DeBlois Home

Ron Caplain

Photography


Photographing since 1965, Ron Caplain began with black and white landscapes, then turned to street photography, capturing images of people who are not aware of his presence.

A member of the Copley Society, Caplain has received two distinction awards from the Royal Photographic Society of England. He has exhibited in New York City, Boston and locally in the Southern New England area.

His photographs are in the collections of the Diaspora Museum, the Rhode Island School of Design Museum, and the Biblioteque Nationale in Paris.
See more at http://www.ron-caplain-photography.com/

He began using a darkroom to develop his work, but in the last five years he has abandoned film for digital images. Although the pictures look like they are digitally manipulated or corrected, they are not.

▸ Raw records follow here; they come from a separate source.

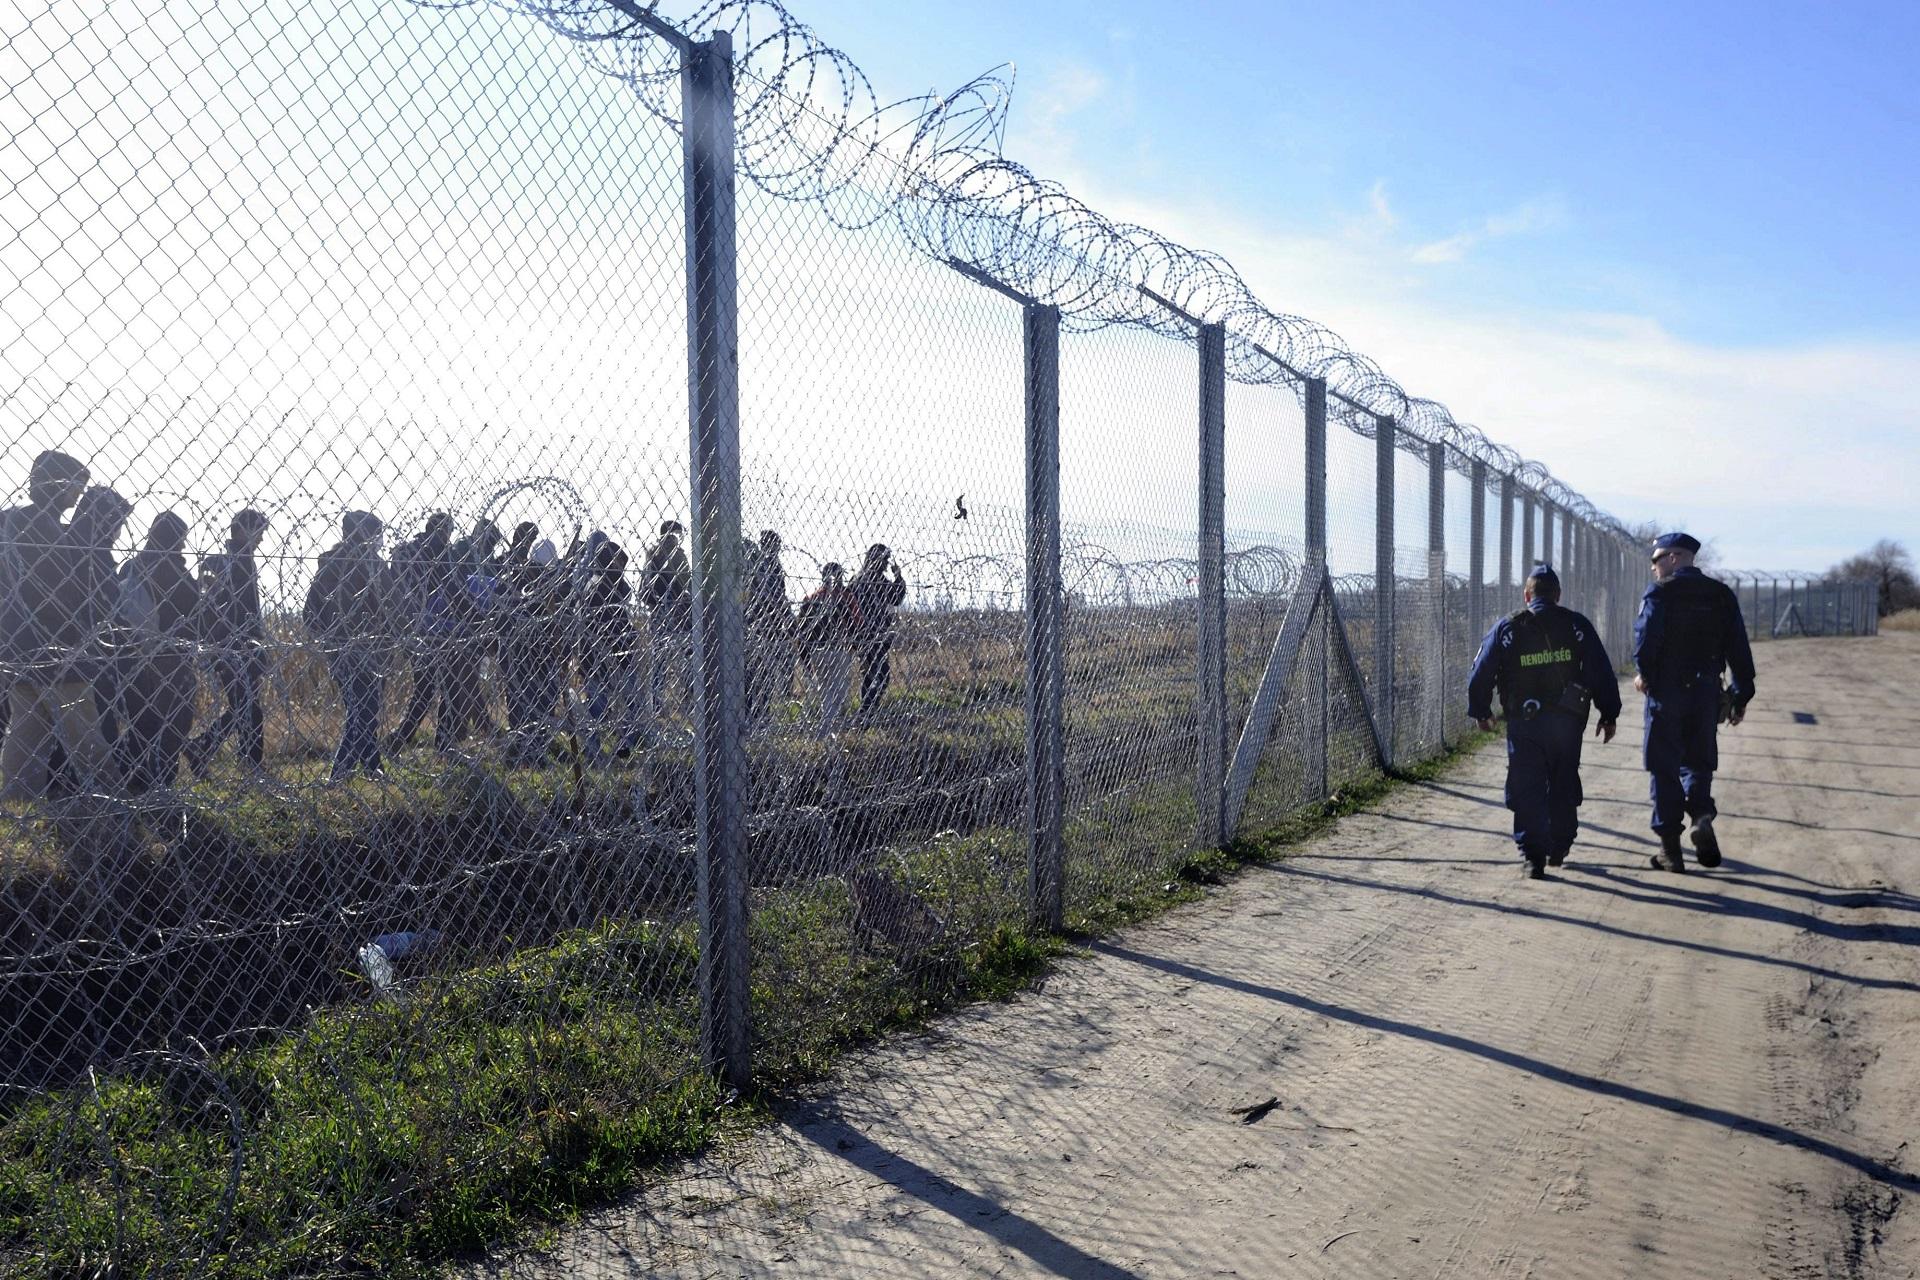 Erőszakosan próbáltak meg átjutni illegális határátlépők Mórahalomnál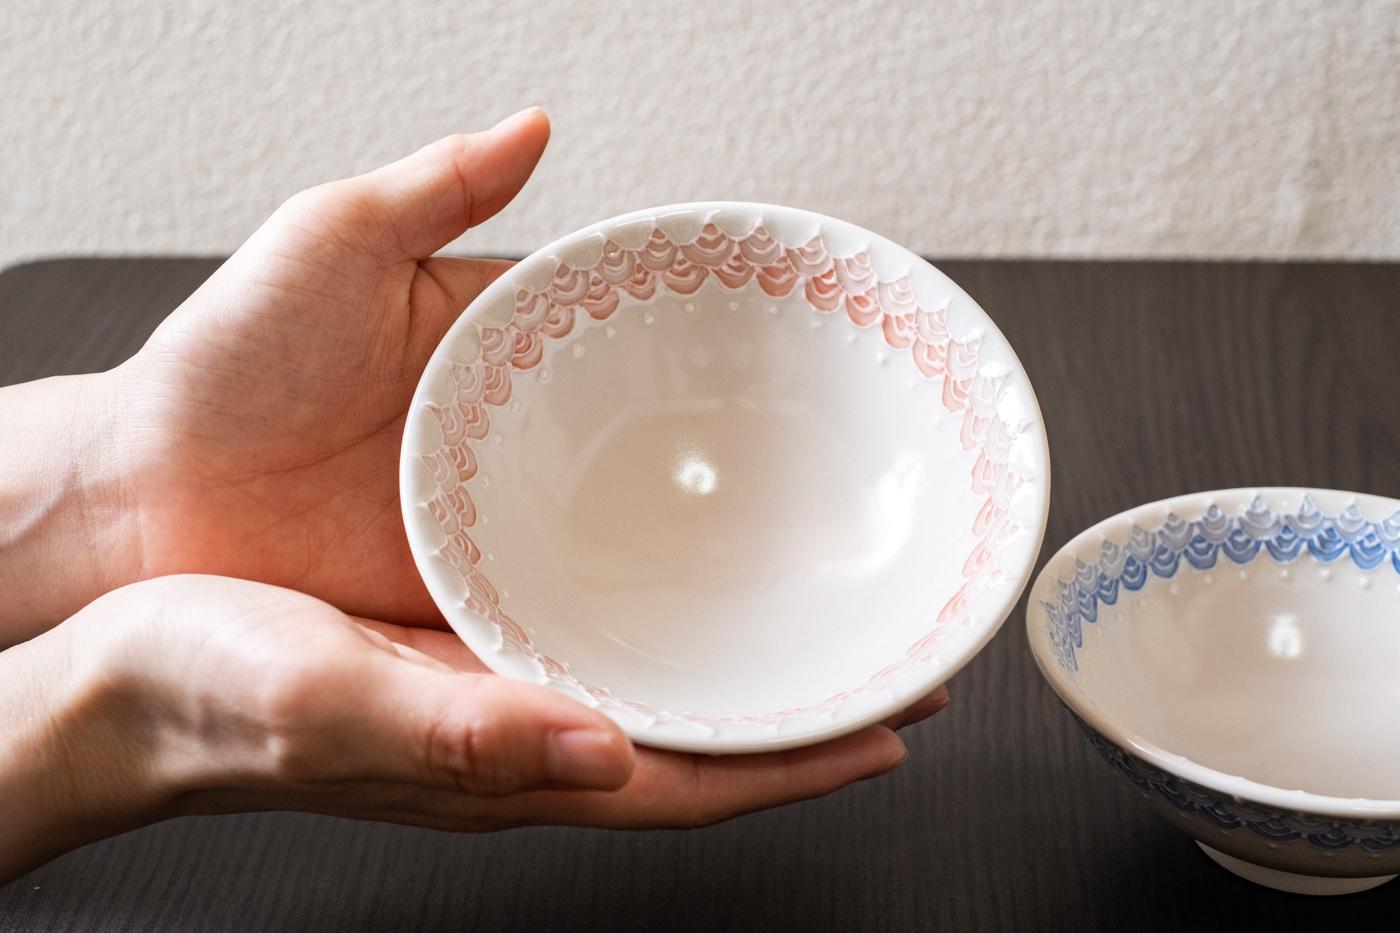 磁器レース茶碗【青/ピンク】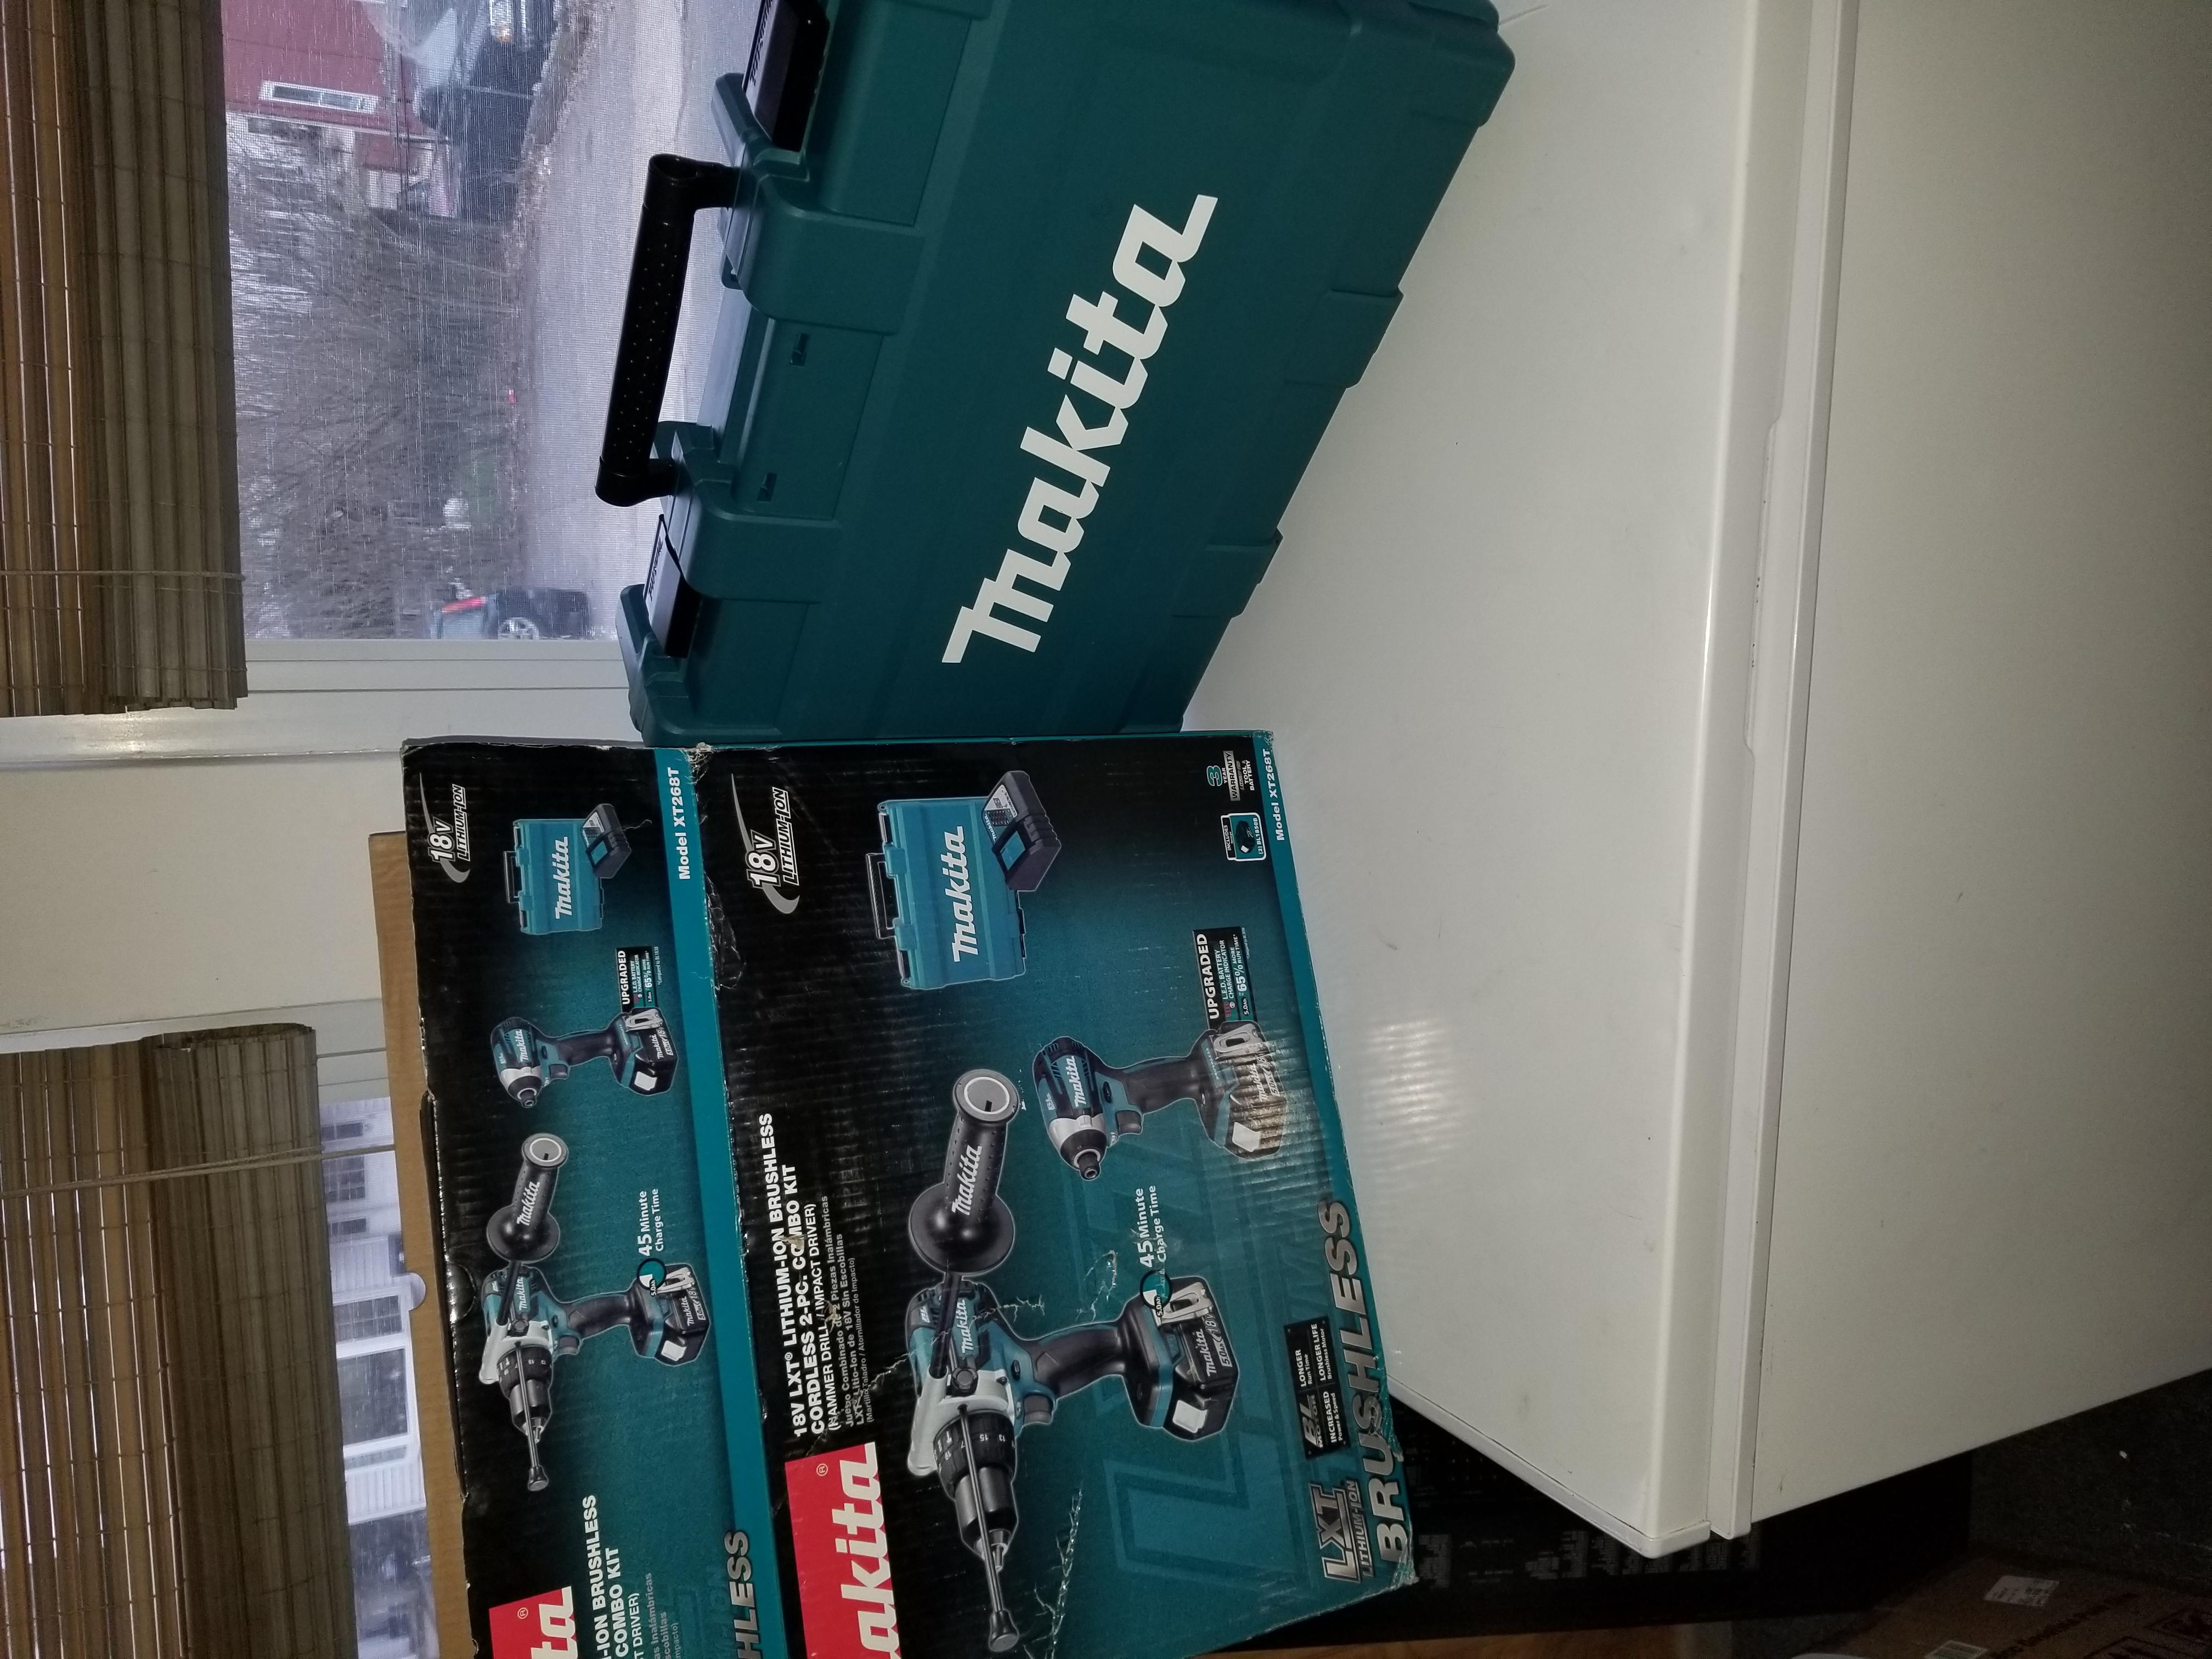 Brushless 5amp hr 18v Makita Hammer drill and impact driver kit!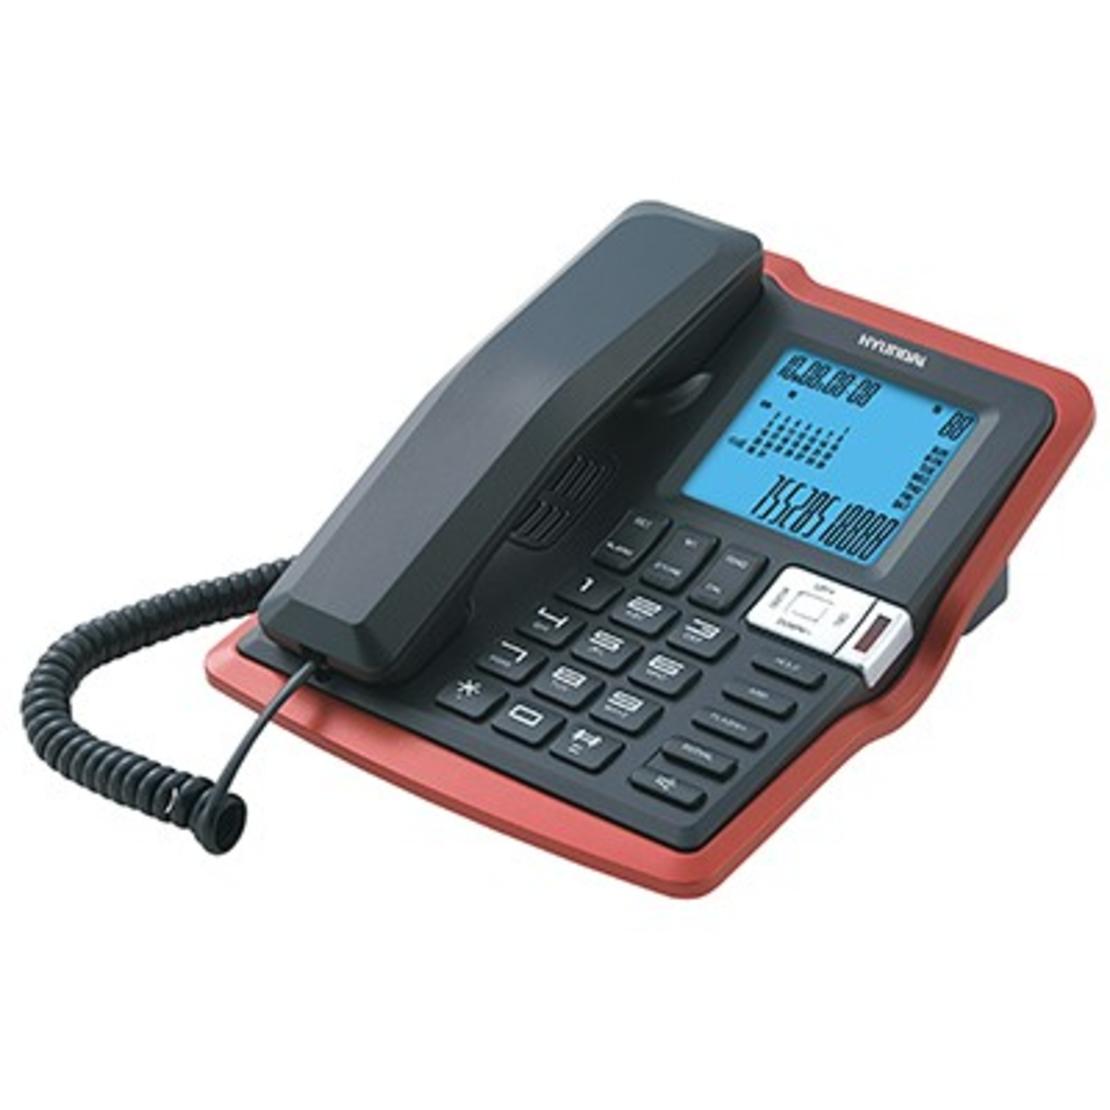 טלפון משרדי צג גדול דקורטיבי שחור/אדום HYUNDAI HDT-2700BR

They are all essentially unmodified photographs, except for a mild tweaking of contrast and color in the computer program Photoshop. 

His work includes a series of photographs of the gay parades in New York and Boston. He has photographed in Vietnam, Peru, and throughout Europe.


New York City has been a fount of images. Caplain has photographed a retirement community, a park south of Canal Street, a basketball court on West 4th Street and Sixth  Avenue, tourists in Times Square and Rockefeller Center, buildings and graffiti in Harlem, and the local commuters at 34th Street and Sixth Avenue.

In Caplain's published book, Illusions, the images taken through store windows use and play off visual ambiguities of transparency.


A railroad buff, he takes the train into New York City for the day, wandering the streets photographing places and people that reflect the pulse and beat of the city.